Deux tables plus loin, un vieux capitaine de la ligne dont la moustache en brosse-à-dents est jaunie par la cigarette sous les narines, fait clapoter la boue de son absinthe en stillant, goutte à goutte, dans son verre, l’eau frappée d’une carafe. Il s’interrompt, rebrousse, d’un coup de lèvre, son impériale et grimace un affreux sourire à la glace qui renvoie son teint cuit et ses yeux blancs.

Un autre, la tête dans ses poings, étudie infatigablement l’annuaire; un autre louchote, en s’épilant les fosses du nez, et bâille; un troisième examine les phalanges velues de ses doigts et crache, tout en suçant une pipe obstruée dont le jus chante.

De temps en temps, la porte s’ouvre, un fourrier emplit le cadre, oscille dans des nuages de fumée, puis s’avance et tend, au port d’armes, un cahier à un supérieur qui l’arrache, signe, d’un air accablé, et se replonge dans sa partie arrêtée de cartes; partout, sur des chaises, des gens vautrés, tendant sous de courts vestons de gros derrières ; partout, sous les tables sablées, des jambes rouges et des bottes noires; partout des crânes dénudés, avec du duvet de canard sur l’occiput ou de rares mèches ramenées à tour de brosses, le long des tempes partout les mêmes physionomies accentuées et usées, les mêmes traits durs, les mêmes yeux vacants, les mêmes trous poilus de bouche; partout, les mêmes conversations, les mêmes lieux communs, les mêmes rires, les mêmes plaisanteries suscitées par les hasards connus des jeux.

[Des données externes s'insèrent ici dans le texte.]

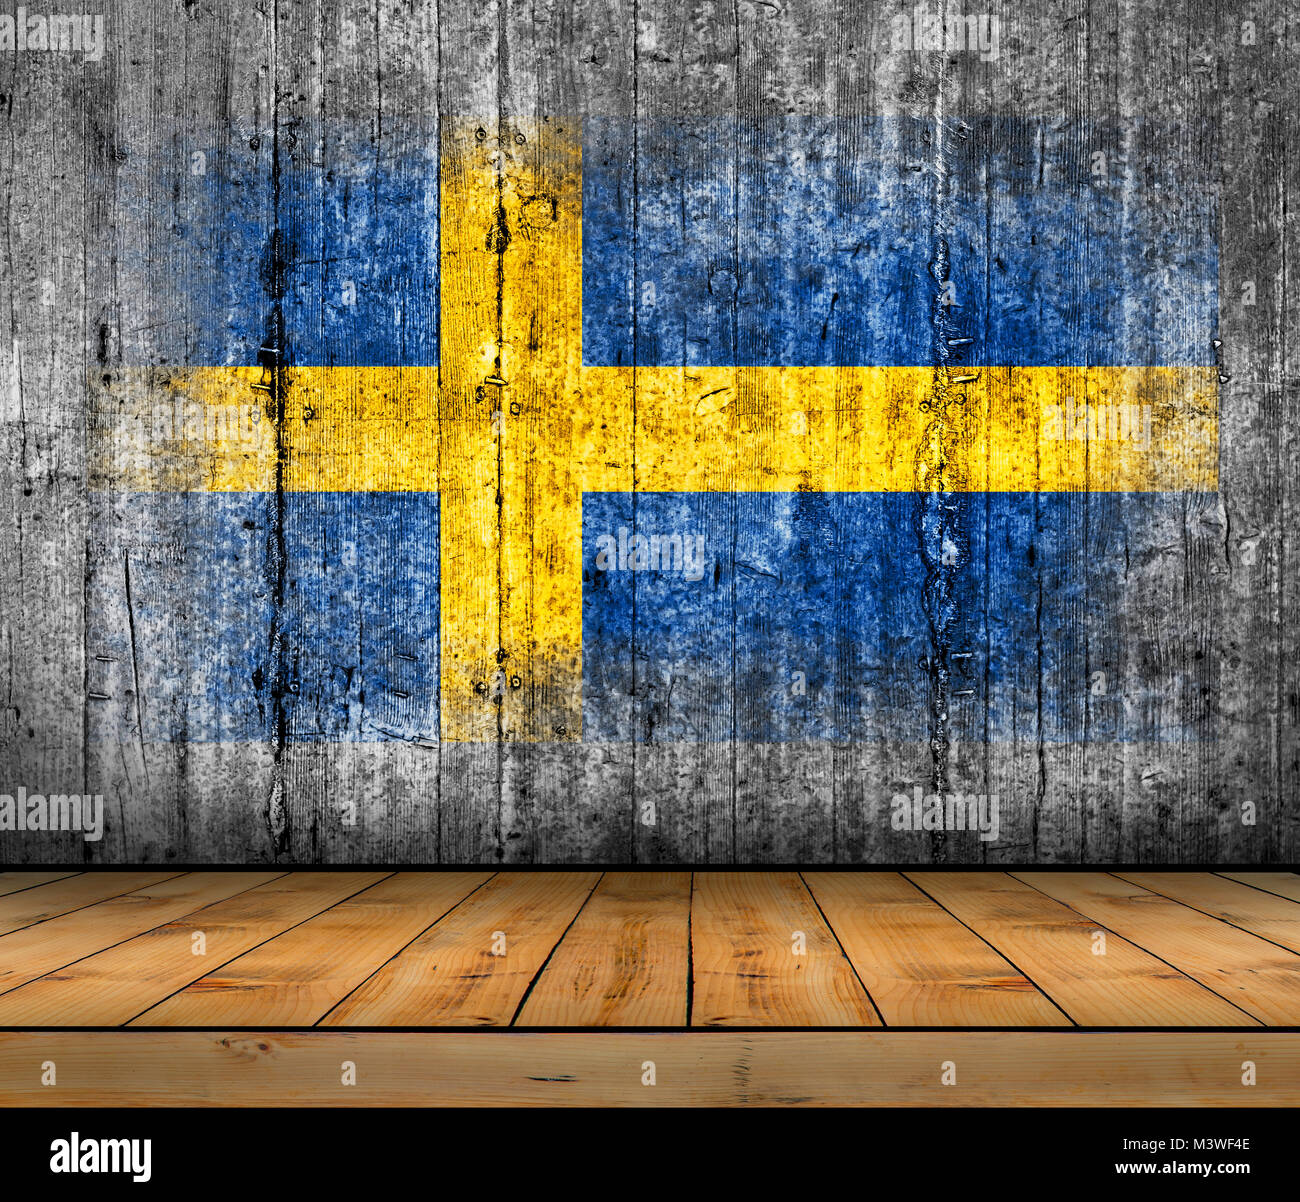 Sweden flag painted on concrete with wooden floor Stock Photo

Et le soir, après le diner, tous ces officiers reviennent dans la salle où flotte encore le parfum vernissé des absinthes qu’ils burent et ils s’attablent devant d’inodores mazagrans dont ils poivrent la sombre lessive à grand renfort de kirsch et de rhum; puis ils lampent l’interminable série des âcres bocks et rentrent au gîte, derniers survivants de ce pays mort, tombé depuis dix heures dans la paix noire.

C’est à peine si passent maintenant quelques ouvriers, quelques filles en cheveux qui rôdent, quelques soldats attardés qui se pressent. L’avenue vivandière de La Motte-Picquet dort d’un sommeil de plomb, dans le taciturne isolement de sa province, jusqu’à l’aube dont la diane la réveille en même temps que sa clientèle réunie dans les vastes casernes qui l’avoisinent.